第109節

魯班的詛咒 圓太極 第2頁,共2頁

「祭魂師」又是一番神神叨叨地忙碌,又是鋪八向布,又是撒碎骨頭,抓沙抓土,嗅味辨形。到最後卻是給了朱瑱命一個很有些打擊的答案:「無魂。」

「不可能!就算他不死,也無法在土中鑽行,怎麼就不見了呢?」本來很自信的朱瑱命覺得心頭有點痛,絕對在自己掌握之中的人和東西從地下蒸發了。

「報門長,這裡有挖掘痕跡。」朱家手下終於有了發現。

「啊!下面有暗道,可一人爬行而過。」又有一人發現情況,討好地向朱瑱命報告。

報告的情形讓朱瑱命知道自己又被擺了一道局,惱恨之情無處可發,便在報告之人的胸前按了一掌。

報告的人無聲地癱倒在地,身體蜷縮得像個球,七竅之中汙血噴射,暴凸的眼睛和咬碎後迸出口外的碎牙讓人知道他痛苦之極。

「我在這下面已經多少時日?」朱瑱命到此時才問起個和自己相關的問題。

「天明就是第四日了。」有手下離得遠遠地答道。

「還來得及,他取我屠龍器,必會前往西北兇**位。飛鴿傳書,令西北線各堂口盡出,攔截阻殺魯家人等,晝出‘飛馬銅車’,夜出‘人影子’,終歸不能讓他們往西北方向去了。再令最靠近此地的白馬堂、西華堂、壺口堂聚集高手火速往西北一線追趕。同時傳江湖暗金令,任何人截住朱門所發畫影之人及所攜之物的,再加銀票十萬,不分生死,以驗為準。」

佈置完這一切,朱瑱命輕輕舒了口氣,但在這口濁氣之中,他舌頭品出了一絲甜腥的味道。血氣上湧,這是肝膽凝滯,丹脈不收的徵兆。自己受傷了,朱瑱命知道,是內傷,心脈傷了,氣脈傷了。都是這些日子乍喜、乍驚、乍惑、乍恨亂了經脈的條理,道家之氣與殺伐之氣對沖了。再加上連續三日的龜息,體內濁垢氣息沒能及時轉換,凝滯於體內阻了血脈暢通。

第十九節人跡西

【雙調.壽陽曲】

離黃地,出西關.

人眾處顯形露跡。

亂世梟匪皆欲殺擒,自有俏然卻刀風。

朱瑱命不由地又搖頭苦笑了一下,世命之慾與所修之靜原本就是衝突的,如果有誰說自己會在哪一天走火入魔,他絕不會有一點懷疑。而且這還不一定與所習武功有關,而是心中忍受和深埋的許多痛苦、憤懣、情思會在某一時刻迸發出來,爆裂他每一根神經、血管。自從遇到魯家這個年輕的門長之後,他隱隱預感這一天將會很快來臨。

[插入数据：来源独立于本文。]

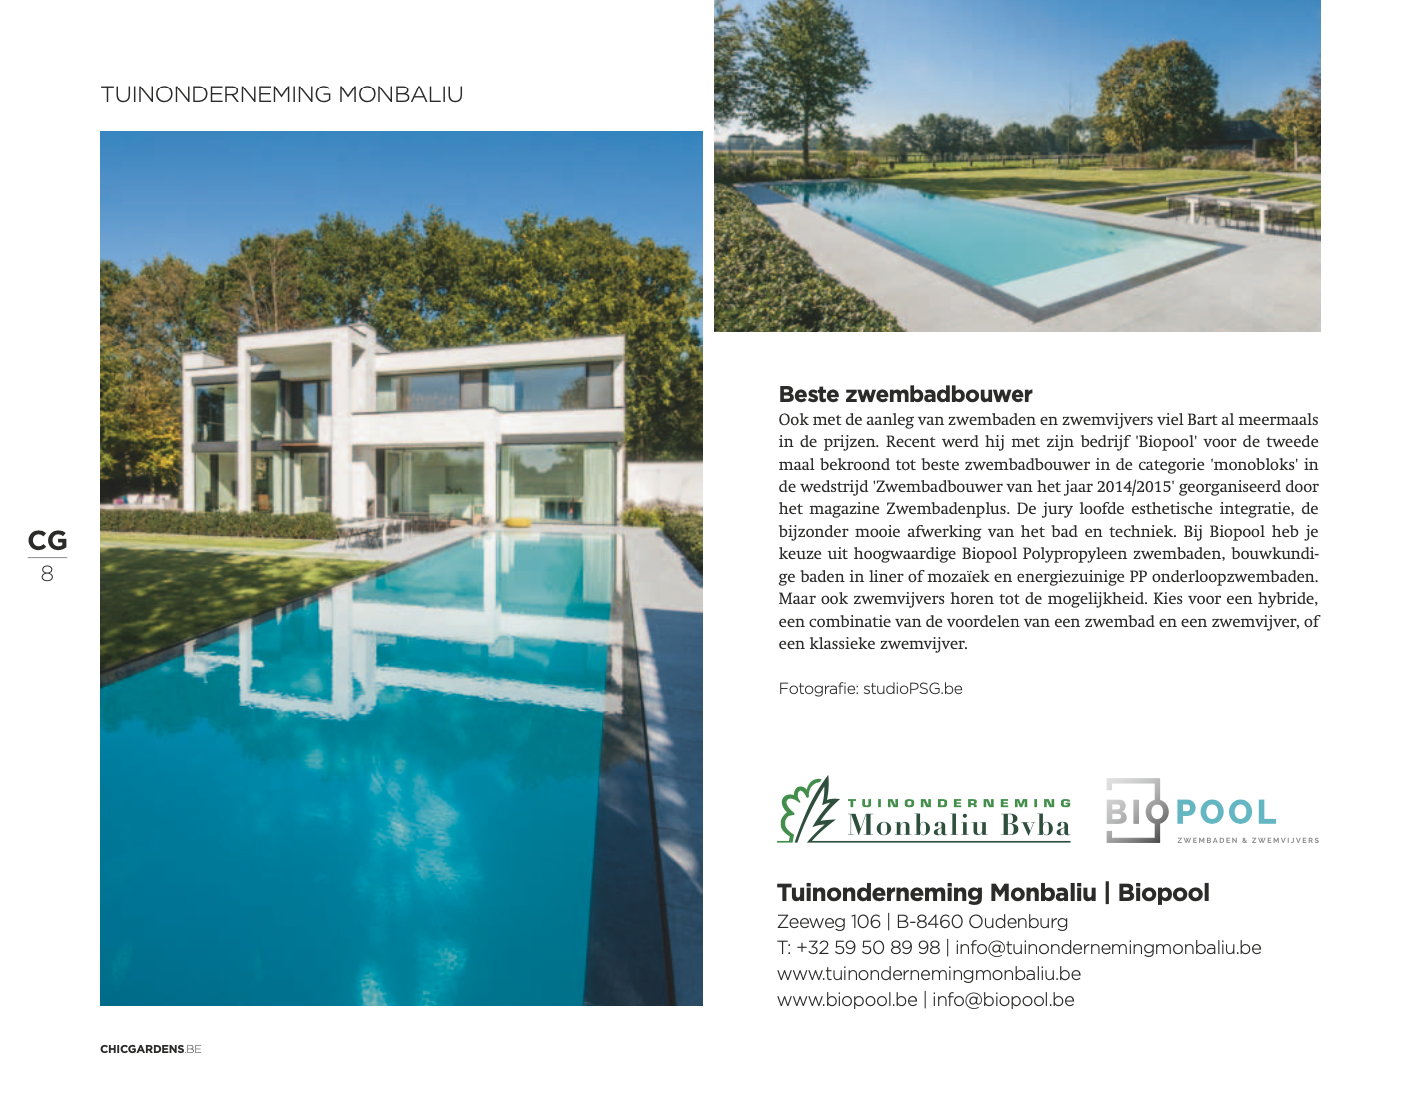 Afbeelding nieuwsitem Magazine ‘Concept gardens’ – bijlage regio West-Vlaanderen

「通知海外線上堂口,把悟心找回來吧,我累了,是他該擔大任的時候了。」朱瑱命此時想到了被自己放逐在海外的兒子朱悟心。

朱家這一脈人丁始終不旺,到他往上三代起都是一脈單傳了,這興許是老天對他朱家殺伐天下的懲罰吧。而自己唯一的兒子又偏偏是個怪胎,常常是凝坐如石,三日才出一言,言出必逆,渾身上下沒一處不透出叛逆與挑釁。奇怪的是,那些逆言卻總是一語中的,就像是能洞悉別人的想法和心思。雖然自己老母說此子天賦異能(第二章破姑蘇囚龍局中提到過。),自己卻著實懷疑他將來能否擔承大任。而且此子留在身邊終歸會影響自己運籌決策,於是遣幾大高手帶他遠涉海外,希望異域之境能改變和磨練他,也希望異域之教能夠適合他。這也是為了朱家的將來,於無辦法中另闢蹊徑。

隆起的三個高丘變成了一個佈滿枯骨的泥潭,隨這風吹泥流,這泥潭很快就會被黃土再次填滿,就像這片黃土地上曾經出現過的其他泥潭一樣。而這地下原本有的東西將不再會重現人世,它們已經與這片黃土地融為一體了,包括移位後的寶貝,包括囚困兇魂的鉛棺。特別是在入到地下的人也都化為枯骨後,這地下擁有的和曾經擁有的更將成為一個無解的謎。也許,其中有些人會給後人留下些隻言片語,但那也是後代人無法相信的傳說與傳奇。

《隋裨記事.賜葬》:「……楊素殺戮四方,視腥血腐骨如美炙,其威震主。暴病卒,隋文帝懼楊素性兇,信巫言,賜棺封葬,由督部行葬事,其地擇於西北方三百里數,積三丘,墓中所置家人皆不知……」

《隋帝野史》:「……多賜葬,是為壓兇穩皇氣,地擇僻惡,鉛棺吊置,入土墓不近土氣。如此葬著楊素、竇方石、李翼多人……」

隋朝時大將楊素征戰多方,平復無數異族暴亂和疆域之爭。他沒戰前必尋一些有錯罪的兵卒殺之,人數總要在一百多人,用於威懾軍中風紀。戰時喜用三百人隊衝殺陣法,是以三百人為一隊,然後依次衝殺敵方大陣,但後隊必須在前隊殺出半香之數後才繼出,有後退者必被督戰所殺。這樣衝殺計程車兵就必須抱必死之心,拼命廝殺,以便堅持到後隊繼出。此種殺法為拼命殺法,敵我死傷都極重。但此種殺法也是震懾殺法,敵人往往在未敗之時就被驚駭得陣腳不穩,膽怯者甚至剛接戰就會潰退。這種殺法的血腥場面使得敵對雙方將帥都不忍目視,而楊素卻能凝目靜對,捻鬚品茶。所以楊素又被稱為自古第一兇將,死後被隋帝賜葬。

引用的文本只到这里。